CogLunch: Chengxu Zhuang "Towards a More Human-like Language Learning Strategy through Lexicon-level Contrastive Visual Grounding"
Description
Speaker: Chengxu Zhuang
Affiliation: ICoN Postdoctoral Fellow, MIT
Title: Towards a More Human-like Language Learning Strategy through Lexicon-level Contrastive Visual Grounding
Abstract:
Today’s most accurate language models are trained on orders of magnitude more language data than human language learners receive—but with no supervision from other sensory modalities that play a crucial role in human learning. Can we make language models' representations and predictions more accurate and human-like with more ecologically plausible supervision?
In this talk, I will first demonstrate that existing vision-grounded language models yield only limited improvements in language learning. This is illustrated by training a diverse set of language learning algorithms, both with and without visual supervision, and evaluating them on multiple word-level semantical and syntactical benchmarks.

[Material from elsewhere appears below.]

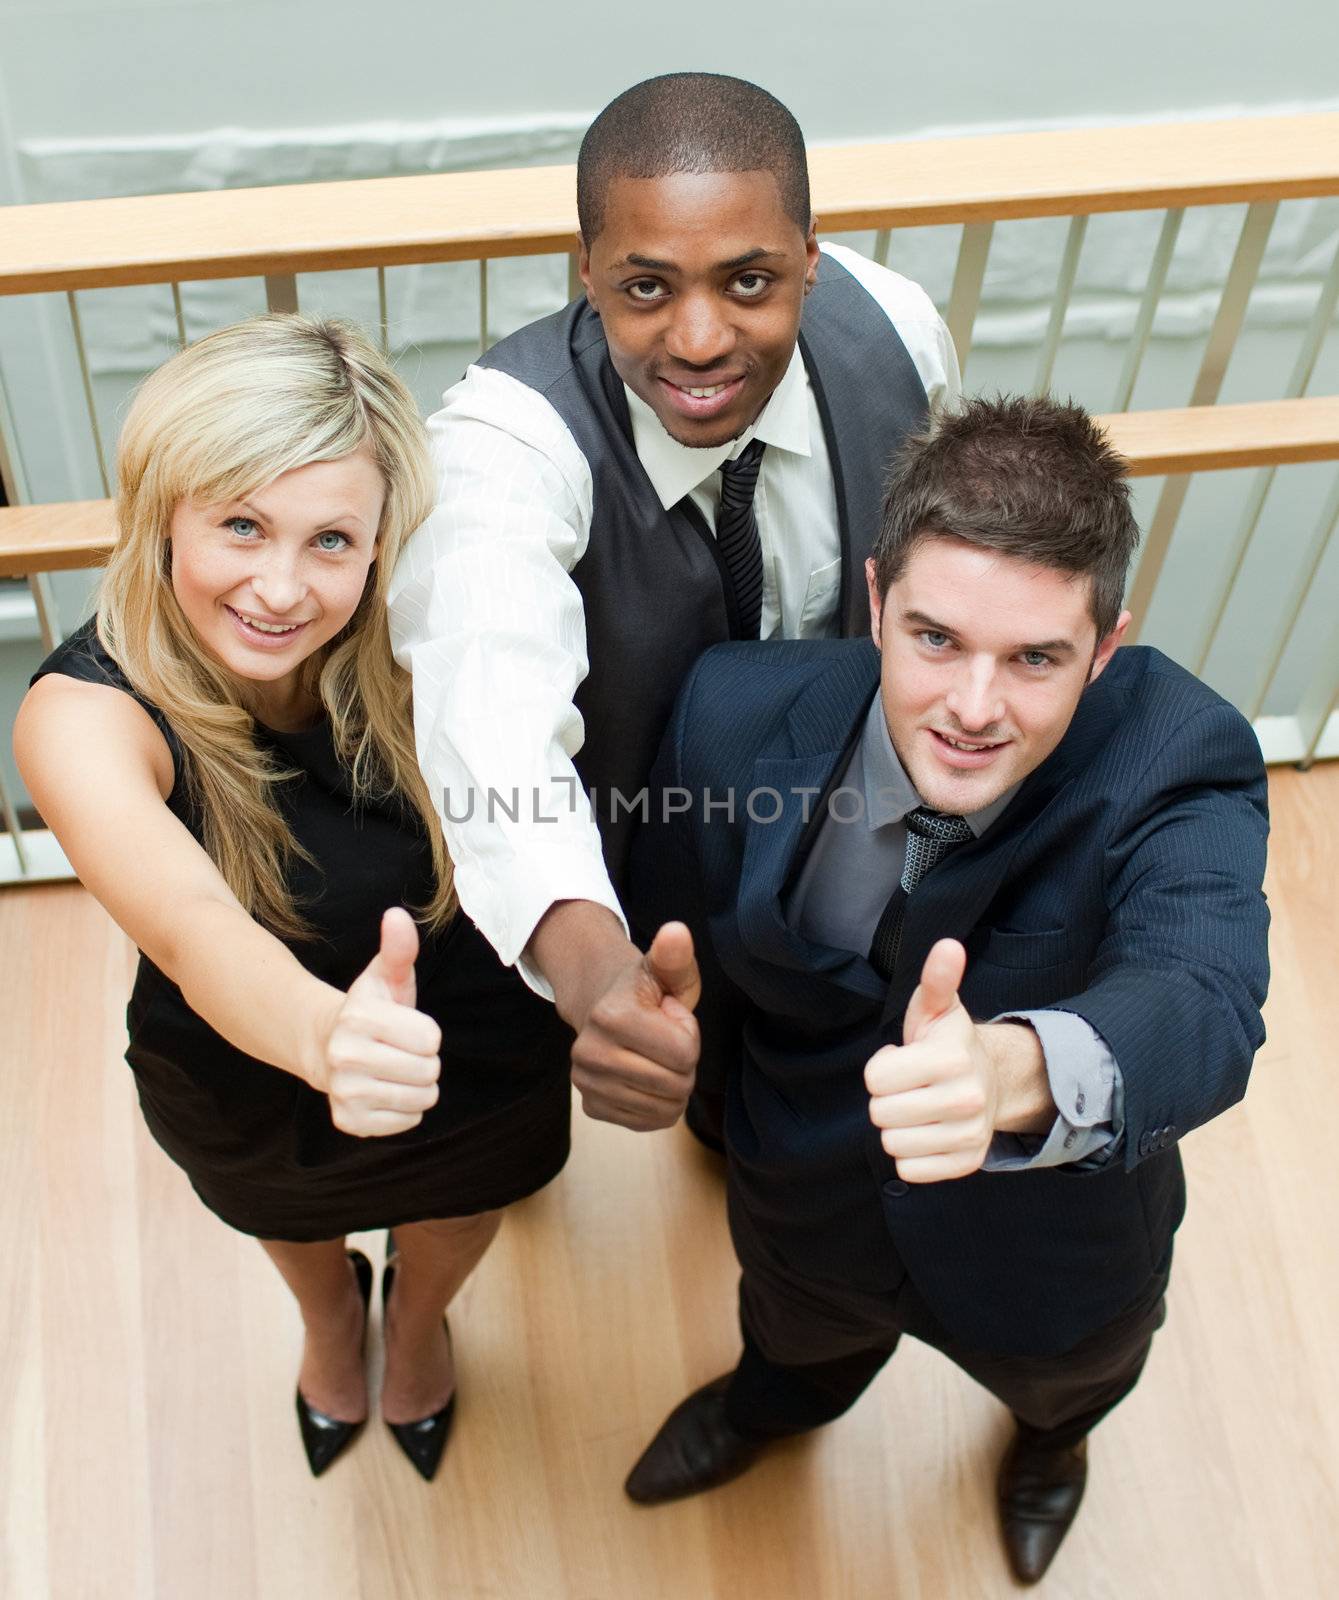 Business people on stairs with thumbs up by Wavebreakmedia

I will then present a new language learning algorithm we have developed to better leverage visual grounding. This algorithm, LexiContrastive Grounding (LCG), integrates a cross-modality contrastive learning objective on lexicon-level representations and a next-word prediction objective. Beyond the typical grounded-only learning scenario, LCG also outperforms existing algorithms on multiple benchmarks in a more child-like learning scenario, which mixes grounded and ungrounded learning.
Finally, I will discuss some preliminary results showing that LCG yields improvements in modeling the neuronal responses of a multi-modality cortical area. I will also discuss the next steps in modeling children’s language learning behaviors and brain responses.
Location: 46-3310